*** Opening of Available data ***

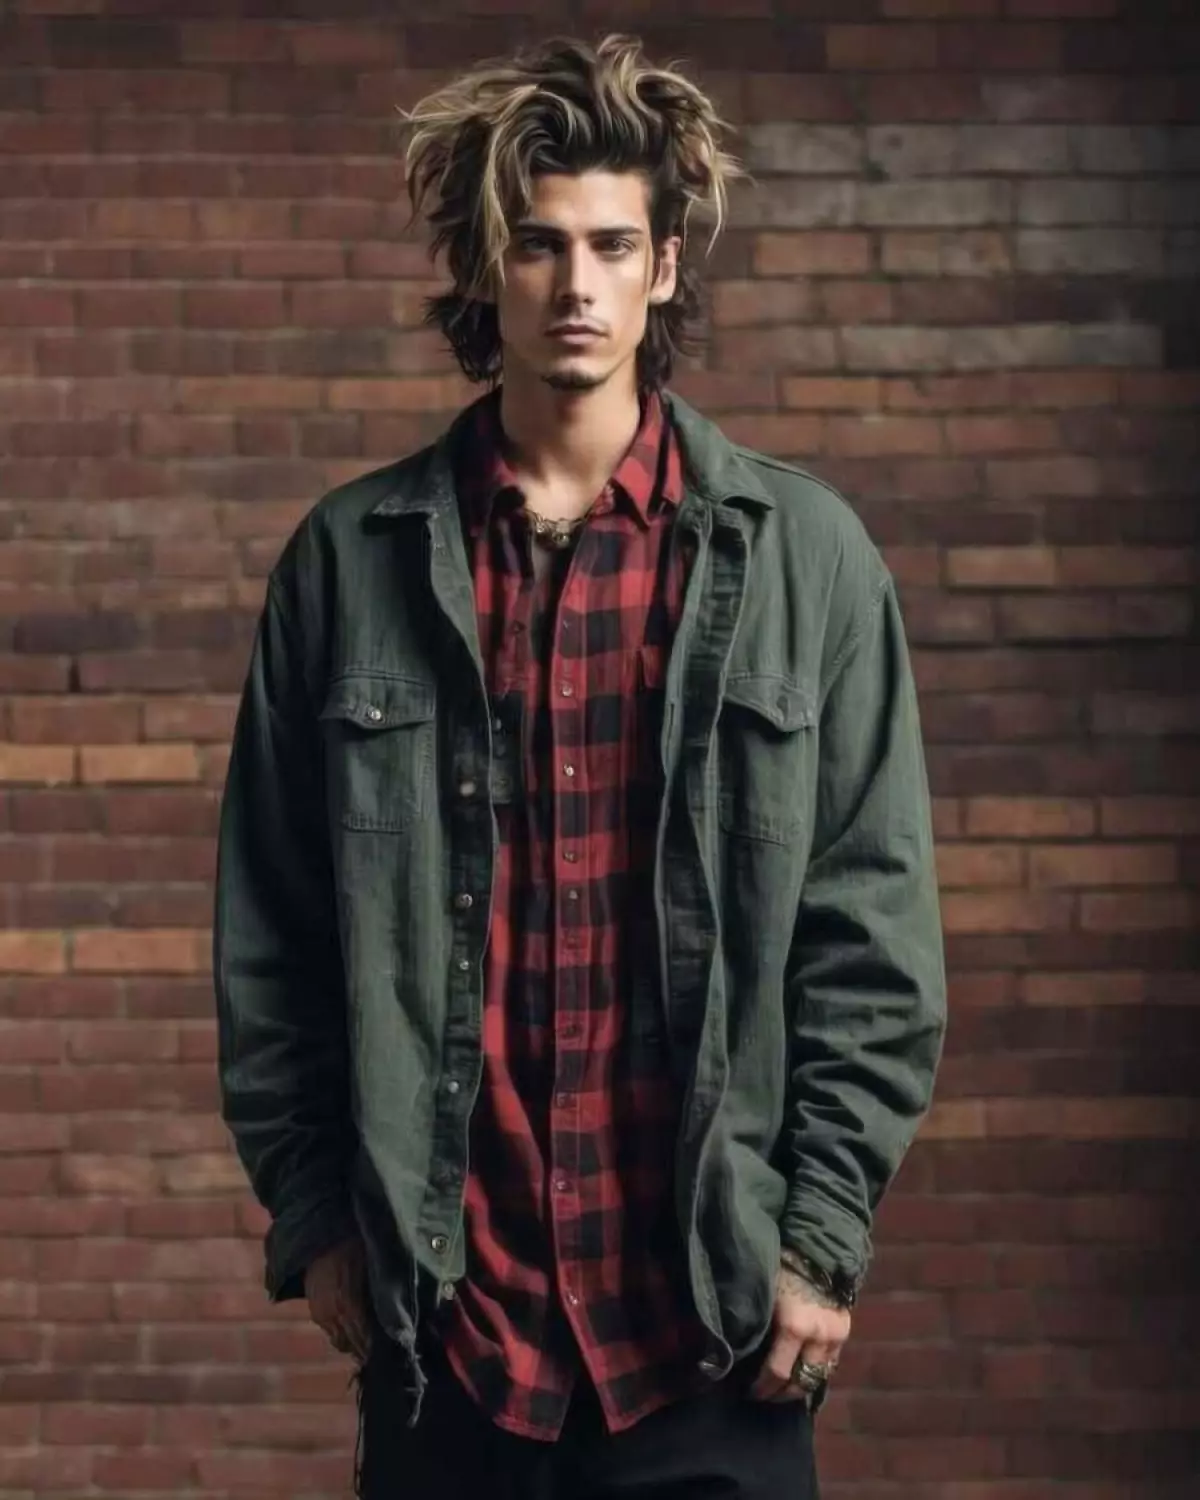 Man wearing a longline red/black grunge check shirt and green army surplus jacket with black ripped jeans
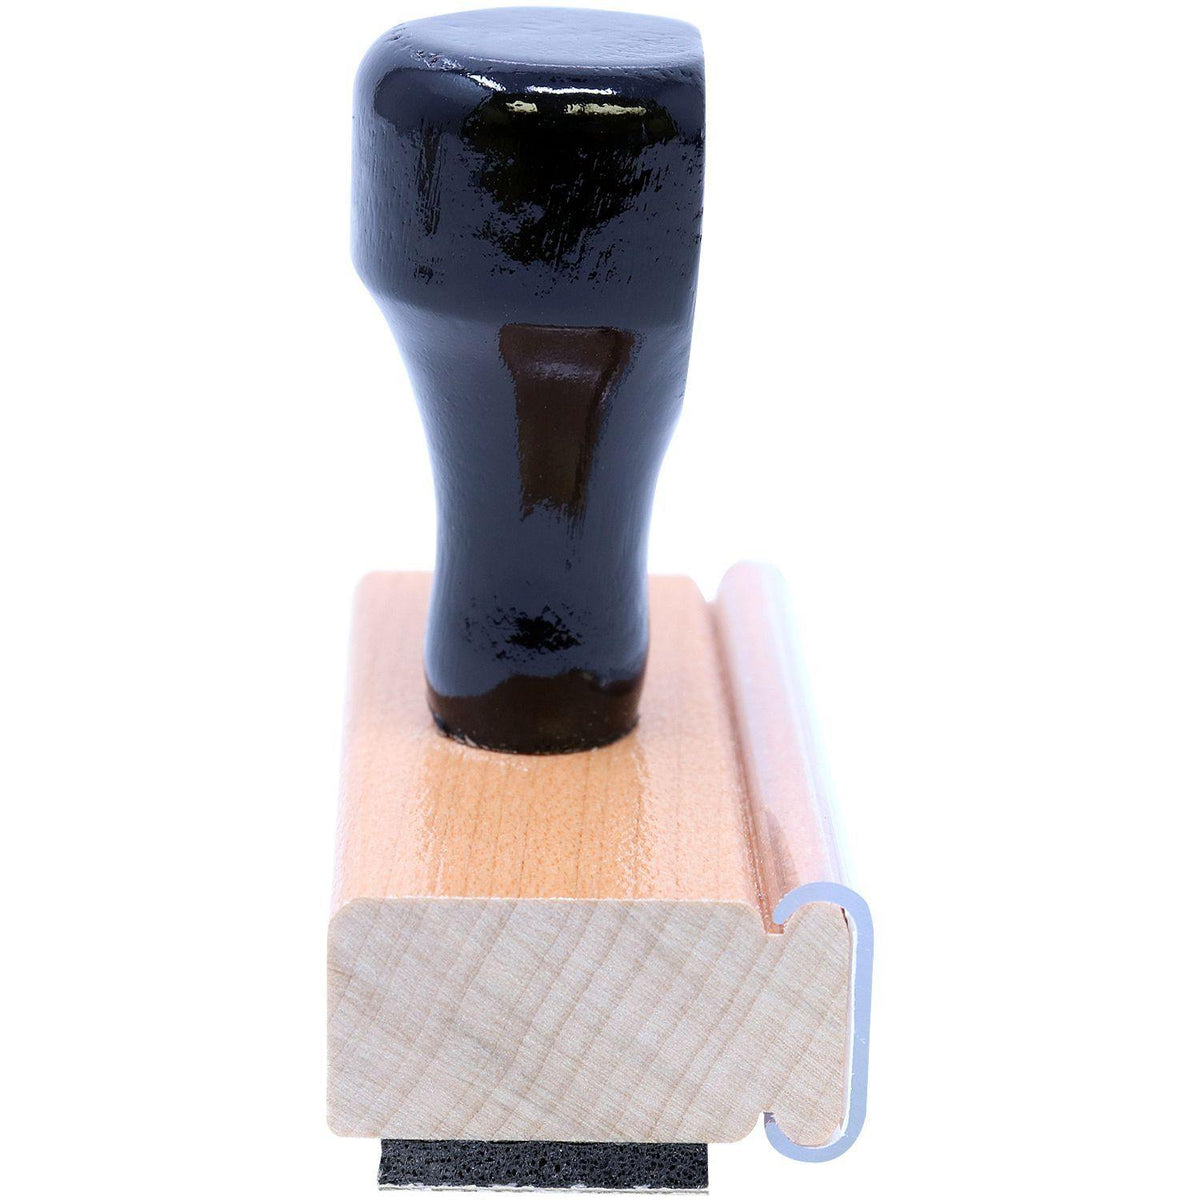 Outline Anulado Rubber Stamp - Engineer Seal Stamps - Brand_Acorn, Impression Size_Small, Stamp Type_Regular Stamp, Type of Use_Business, Type of Use_Finance, Type of Use_Office, Type of Use_Professional
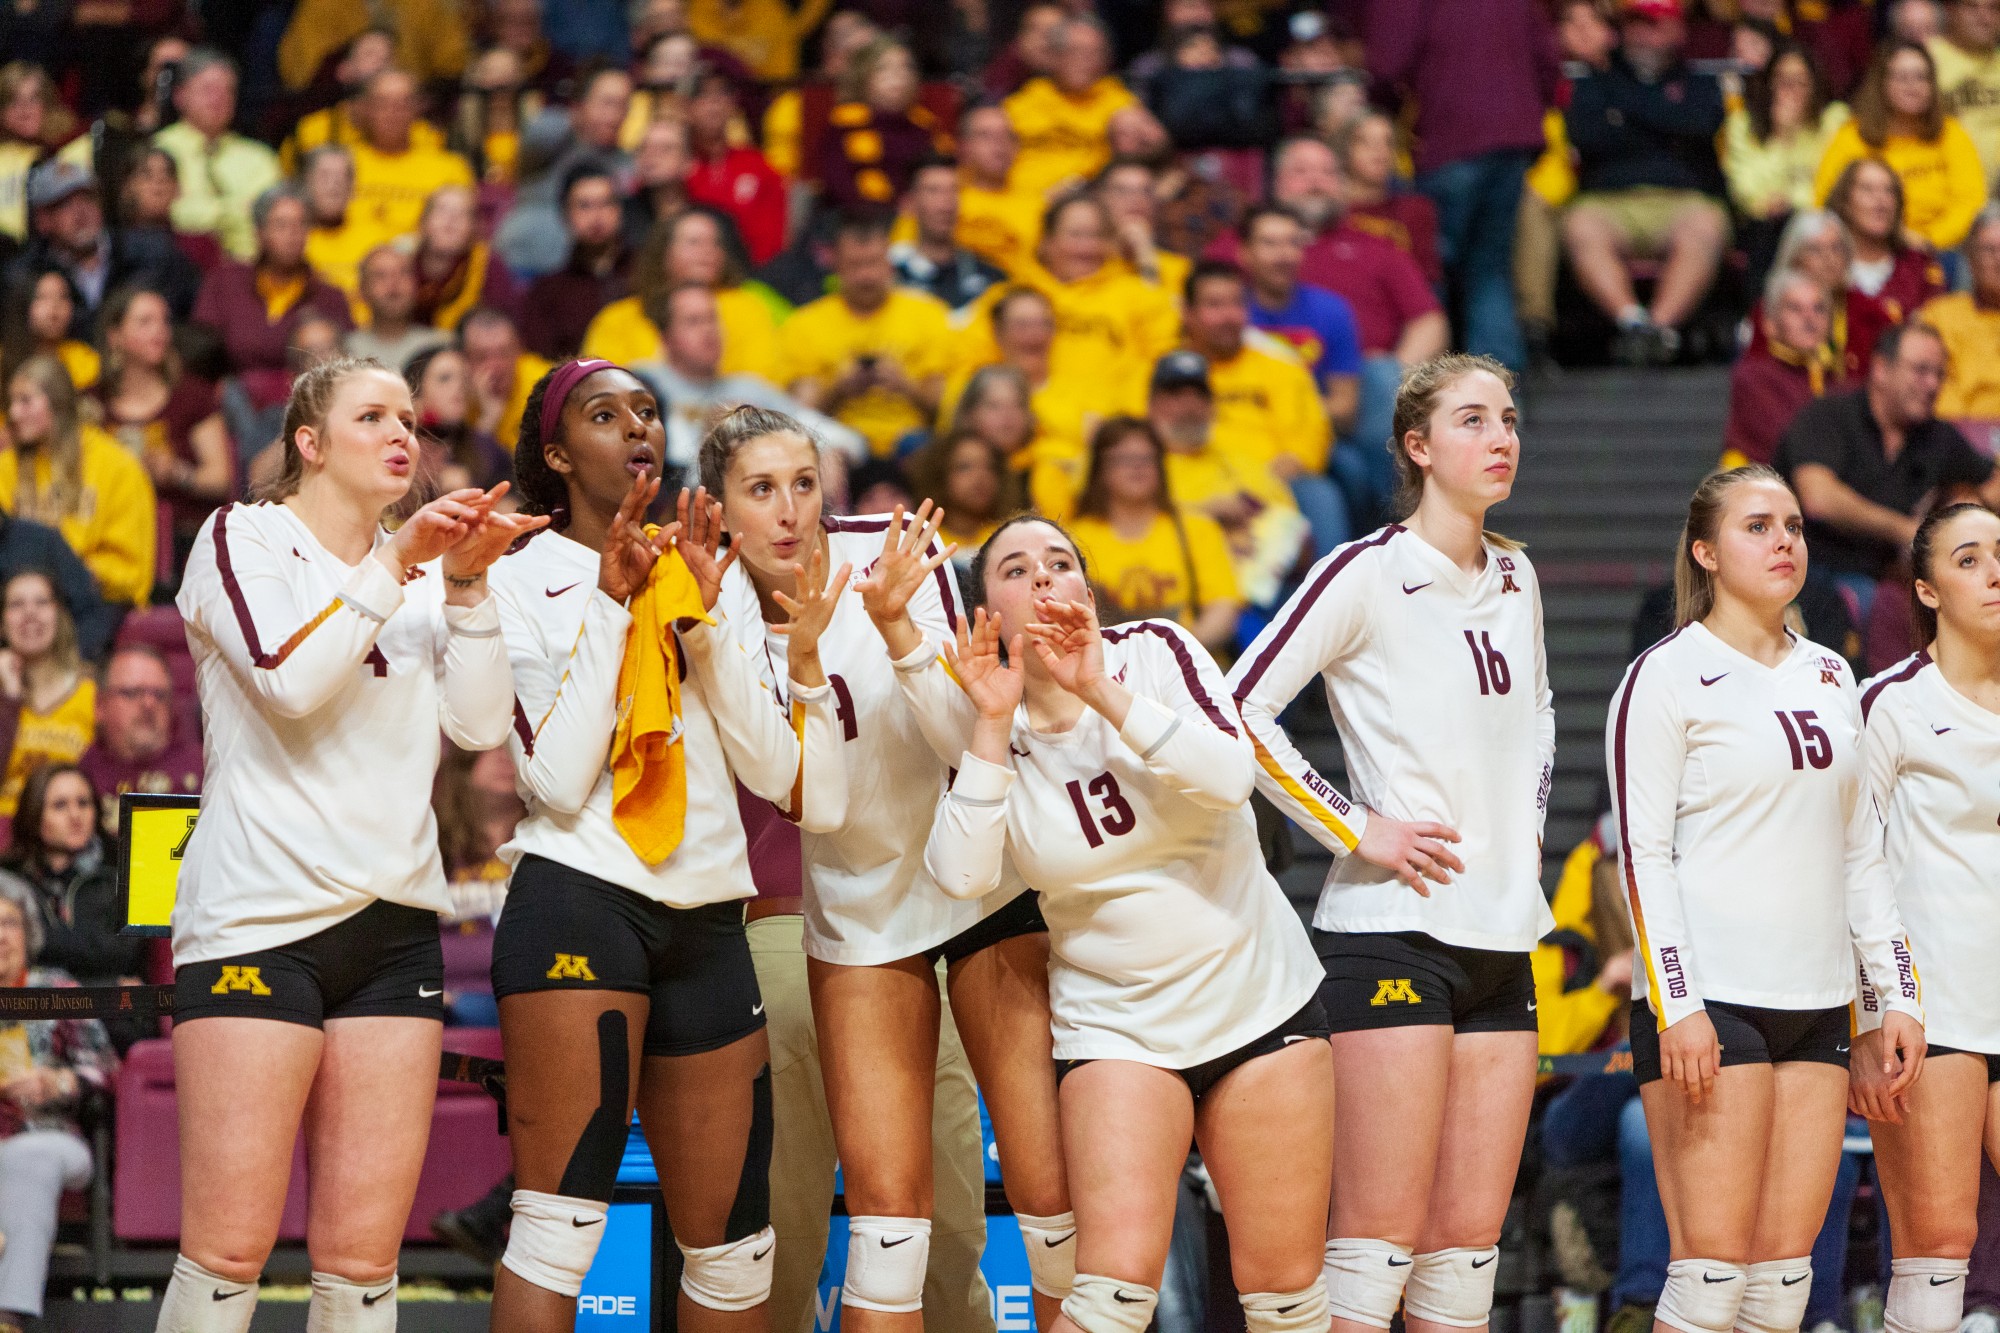 The Gophers watch from the sidelines at the Maturi Pavilion on Thursday, Nov. 14. They ended the night with a 3-1 loss against the Badgers.

*** Close of Available data ***

### Your goal
Leaving images out, please output every line of the data exactly.

### Problem solution
 Man wearing a longline red/black grunge check shirt and green army surplus jacket with black ripped jeans
 Outline Anulado Rubber Stamp - Engineer Seal Stamps - Brand_Acorn, Impression Size_Small, Stamp Type_Regular Stamp, Type of Use_Business, Type of Use_Finance, Type of Use_Office, Type of Use_Professional
 The Gophers watch from the sidelines at the Maturi Pavilion on Thursday, Nov. 14. They ended the night with a 3-1 loss against the Badgers.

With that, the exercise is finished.